• [Assigned task]:
Please write out the entire listing below exactly, excluding its pictures.

• [Data]:

================================

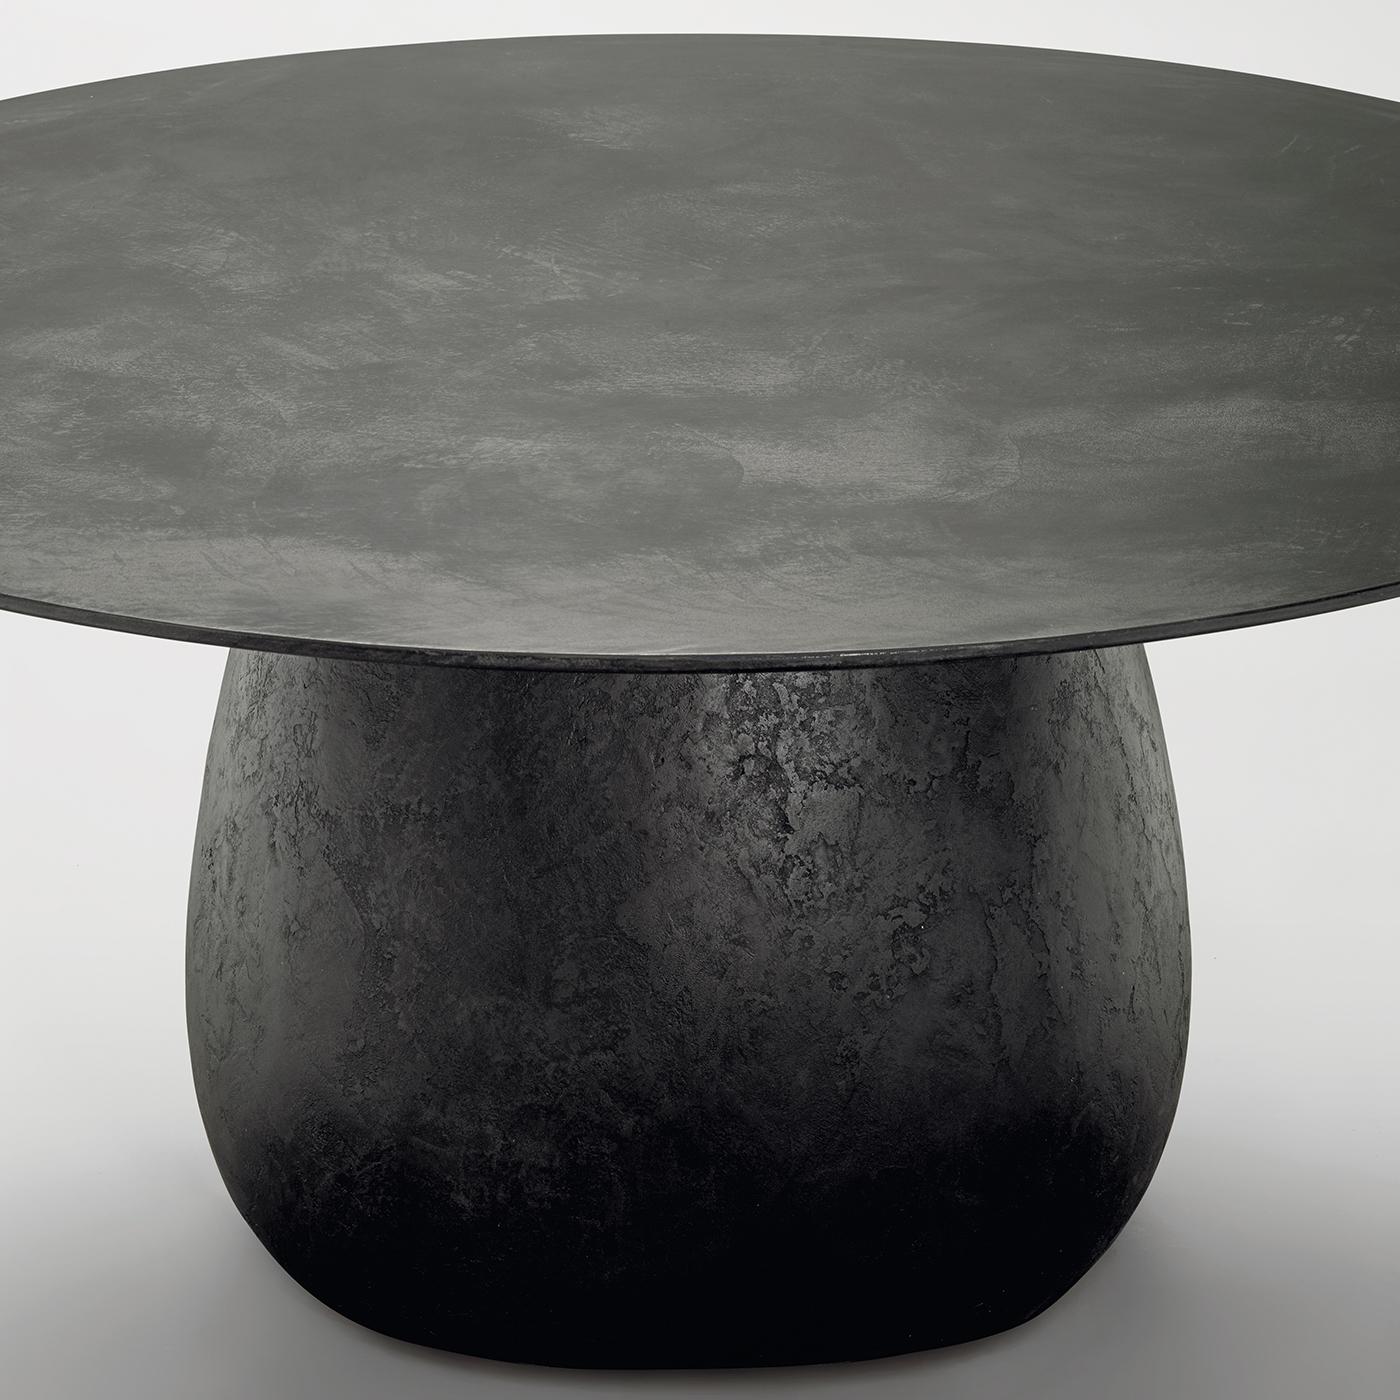 Bold and sophisticated, this dining table boasts a sculptural silhouette featuring two elements: a sturdy base composed of a steel leg surrounded by rigid polyurethane, and a circular top made of purenit, a new high-density smart material, covered
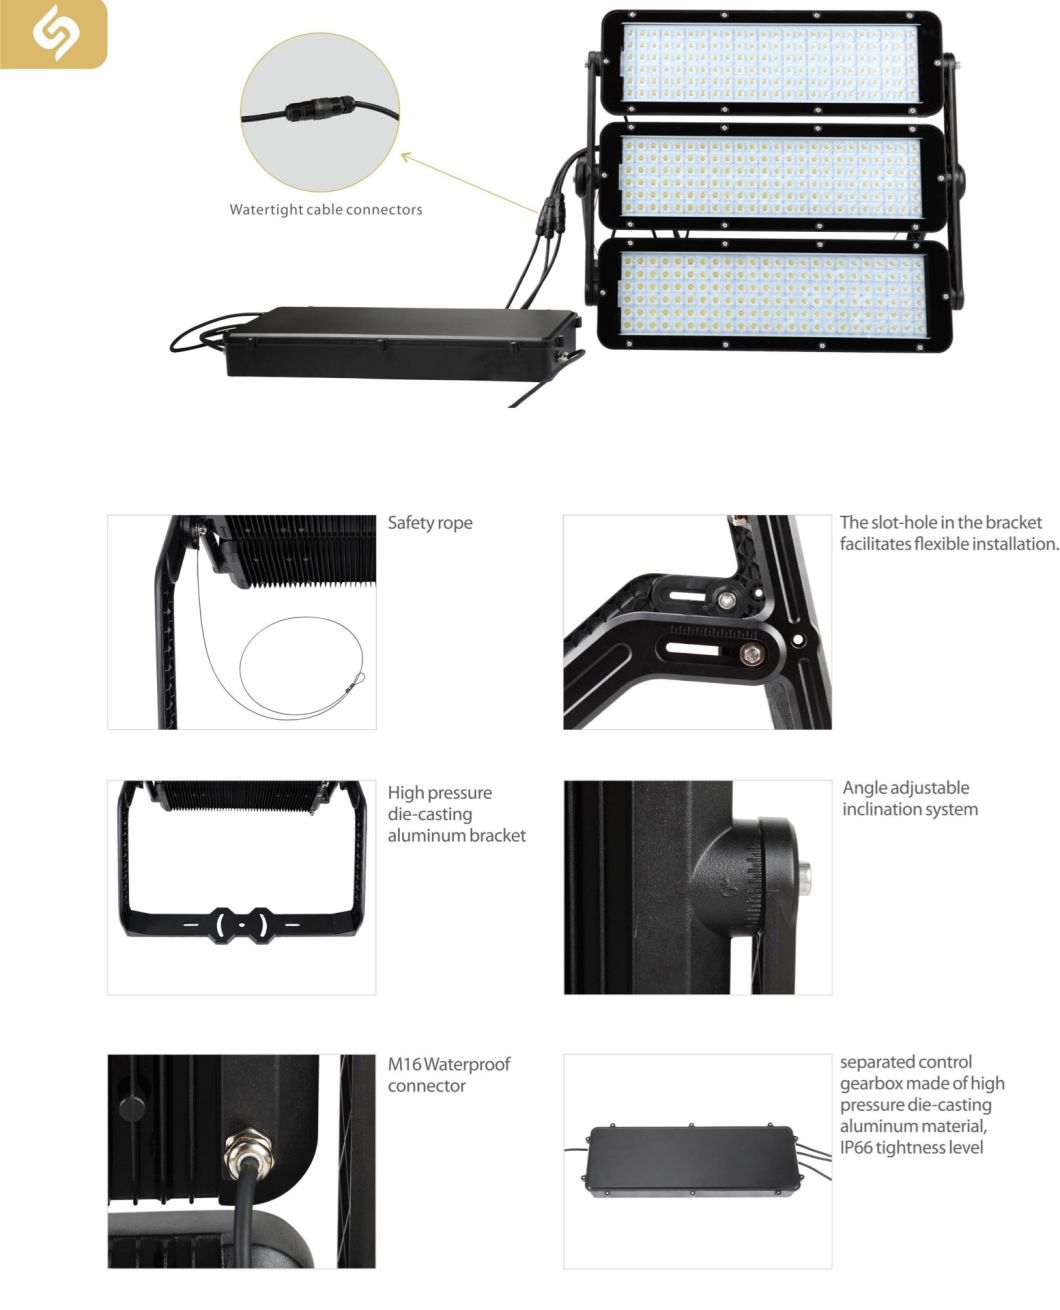 Zhihai Factory Sale 900W LED Flood Light for Industrial Architecture and Marine Application
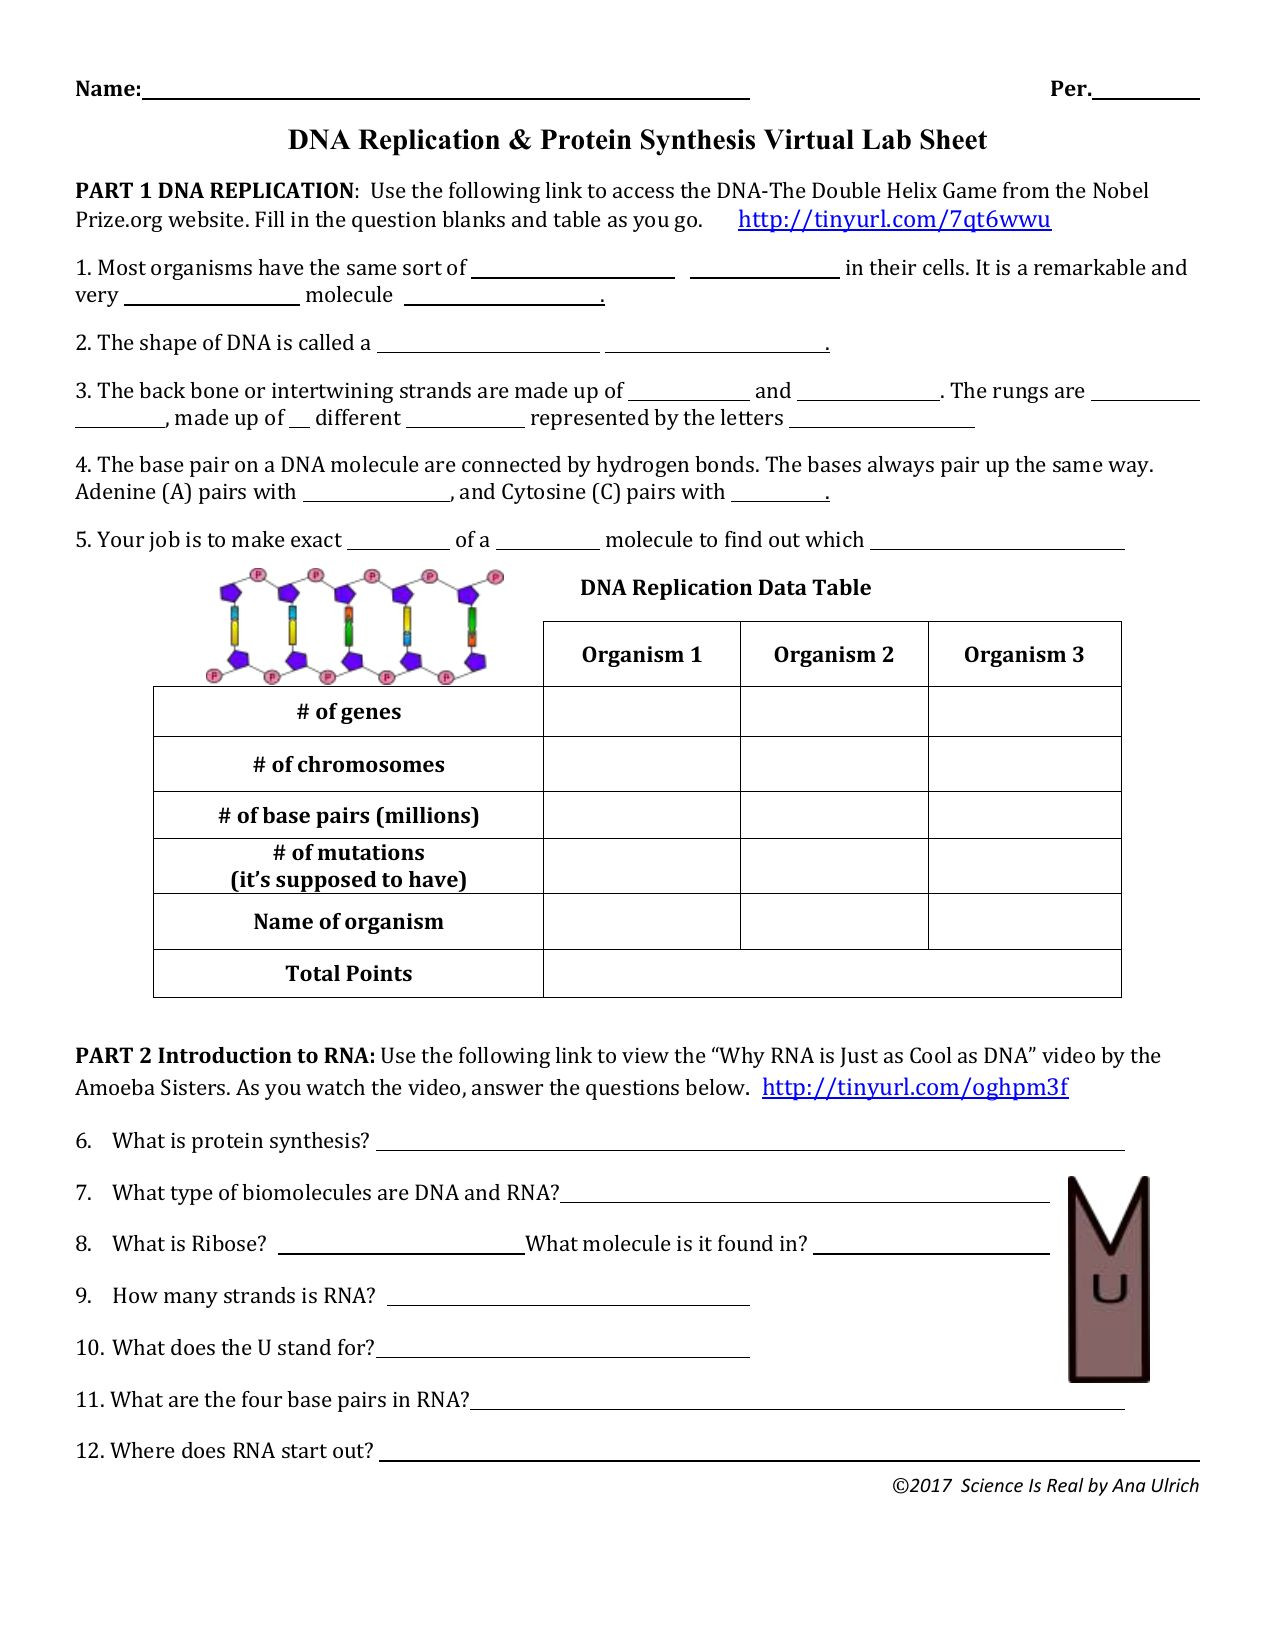 Protein Synthesis Review Worksheet Answers Dna Replication Protein Synthesis Worksheet
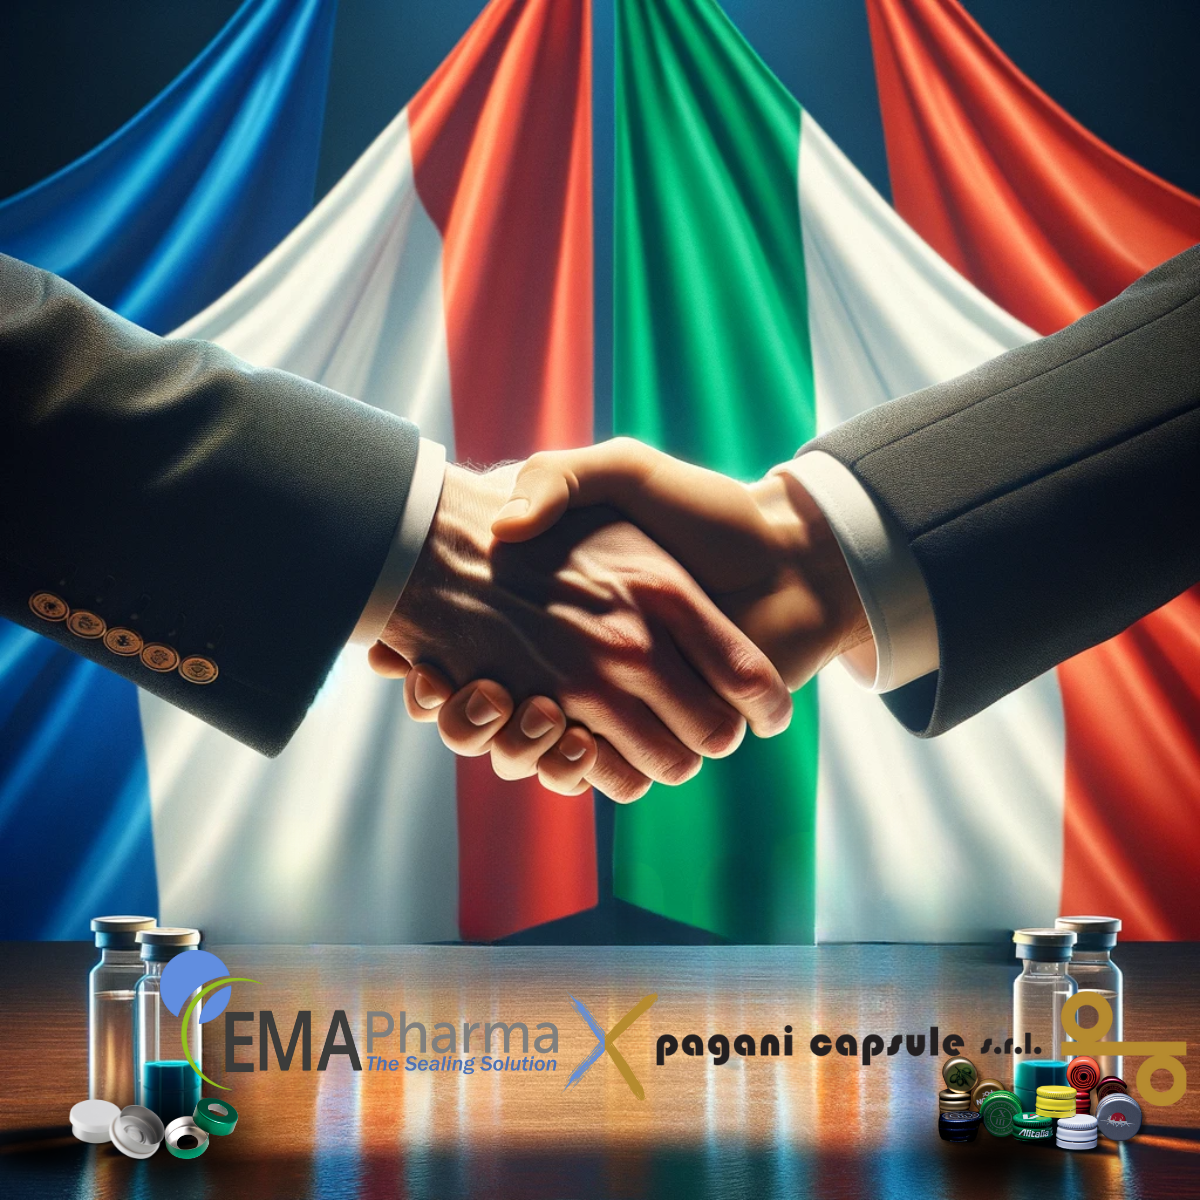 French and Italian flags with handshake signifying partnership between pagani capsule and EMA Pharmaceuticals

================================

• [Solution below]:
 Bold and sophisticated, this dining table boasts a sculptural silhouette featuring two elements: a sturdy base composed of a steel leg surrounded by rigid polyurethane, and a circular top made of purenit, a new high-density smart material, covered
 Zhihai Factory Sale 900W LED Flood Light for Industrial Architecture and Marine Application
 Protein Synthesis Review Worksheet Answers Dna Replication Protein Synthesis Worksheet
 French and Italian flags with handshake signifying partnership between pagani capsule and EMA Pharmaceuticals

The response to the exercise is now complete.